Novel Exon 12 mutations in the HIF2A gene associated with erythrocytosis

Melanie J Percy*, Philip A Beer, Gavin Campbell, Ad W Dekker, Anthony R Green, David Oscier, Glenn Rainey, Richard van Wijk, Marion Wood, Terence RJ Lappin, Mary Frances McMullin, and Frank S Lee

Department of Haematology, Belfast City Hospital, Belfast, Northern Ireland, United Kingdom
Department of Haematology, University of Cambridge, Cambridge, United Kingdom
Essex Rivers Healthcare NHS Trust, Colchester General Hospital, Colchester, Essex, United Kingdom
Department of Clinical Hematology, University Medical Center Utrecht, Utrecht, Netherlands
Department of Haematology, Royal Bournemouth Hospital, Bournemouth, United Kingdom
Department of Haematology, Vale of Leven District General Hospital, Alexandria, Dunbartonshire, United Kingdom
Department of Clinical Chemistry and Hematology, University Medical Center Utrecht, Utrecht, Netherlands
Centre for Cancer Research and Cell Biology, Queen's University, Belfast, Northern Ireland, United Kingdom
Department of Pathology and Laboratory Medicine, University of Pennsylvania School of Medicine, Philadelphia, PA, United States

* Corresponding author; email: melanie.percy{at}belfasttrust.hscni.net.

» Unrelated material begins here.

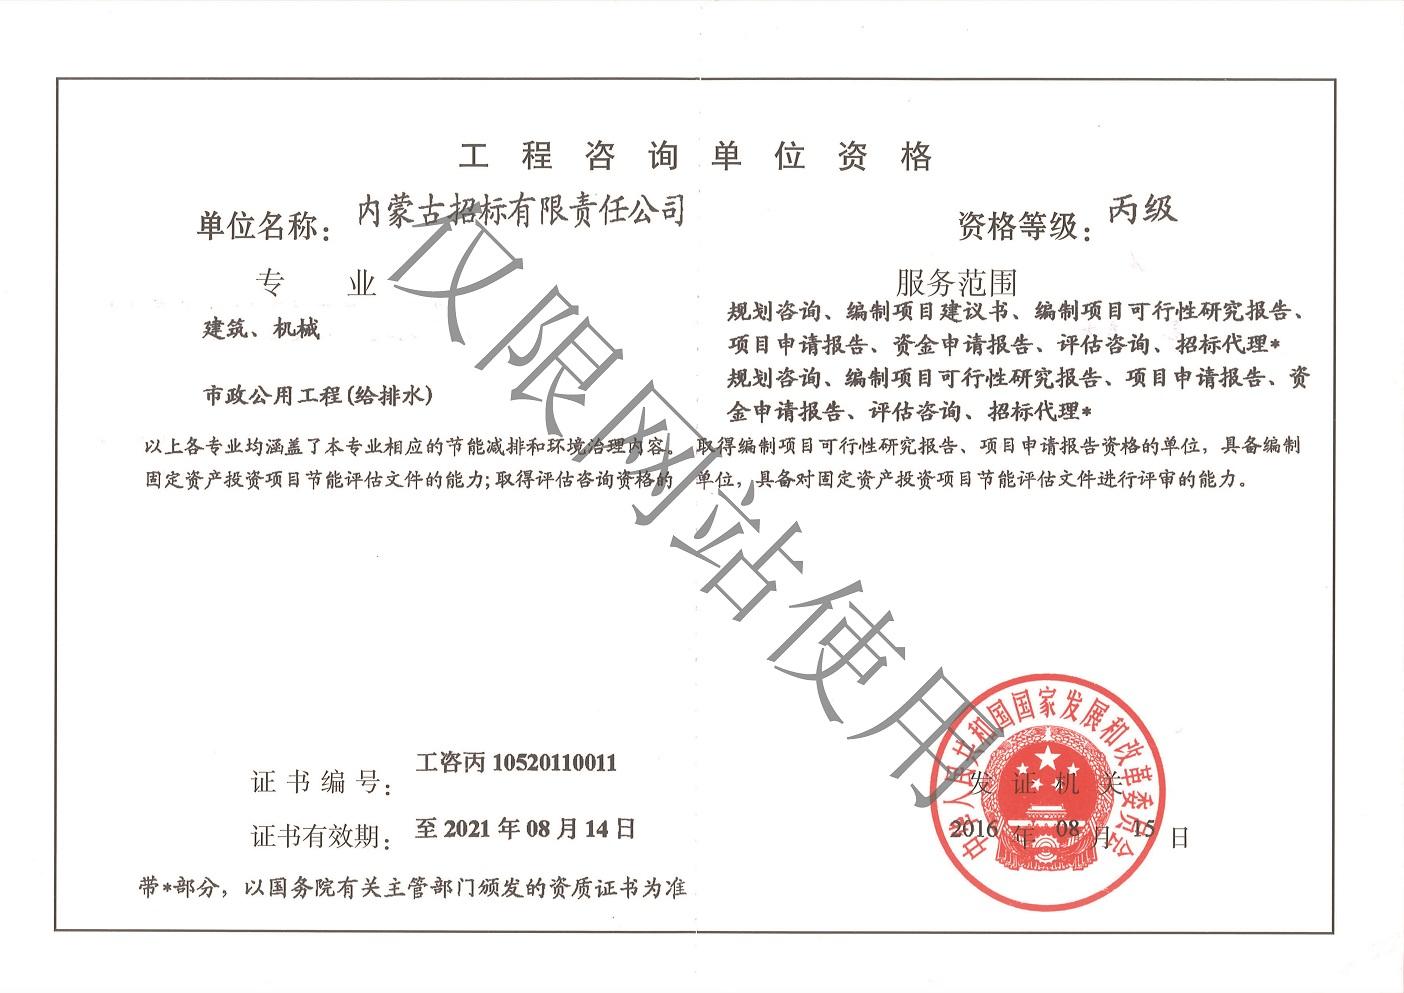 工程咨询单位丙级证书副本2

Erythrocytosis can arise from deregulation of the erythropoietin (Epo) axis due to defects in the oxygen-sensing pathway. Epo synthesis is controlled by the Hypoxia Inducible Factor (HIF) complex, composed of an {alpha} and a {beta} subunit. There are two main a {alpha} subunits, HIF-1{alpha} and HIF-2{alpha}. Recently, a HIF-2{alpha} Gly537Trp mutation was identified in a family with erythrocytosis. This raises the possibility of HIF2A mutations being associated with other cases of erythrocytosis. We now report a subsequent analysis of HIF2A in a cohort of 75 erythrocytosis patients, and identify four additional patients with novel heterozygous Met535Val and Gly537Arg mutations. All individuals presented at a young age with elevated serum Epo. Mutations at Gly-537 account for four of five HIF2A mutations associated with erythrocytosis. These findings support the importance of HIF-2{alpha} in human Epo regulation and warrant investigation of HIF2A in patients with unexplained erythrocytosis.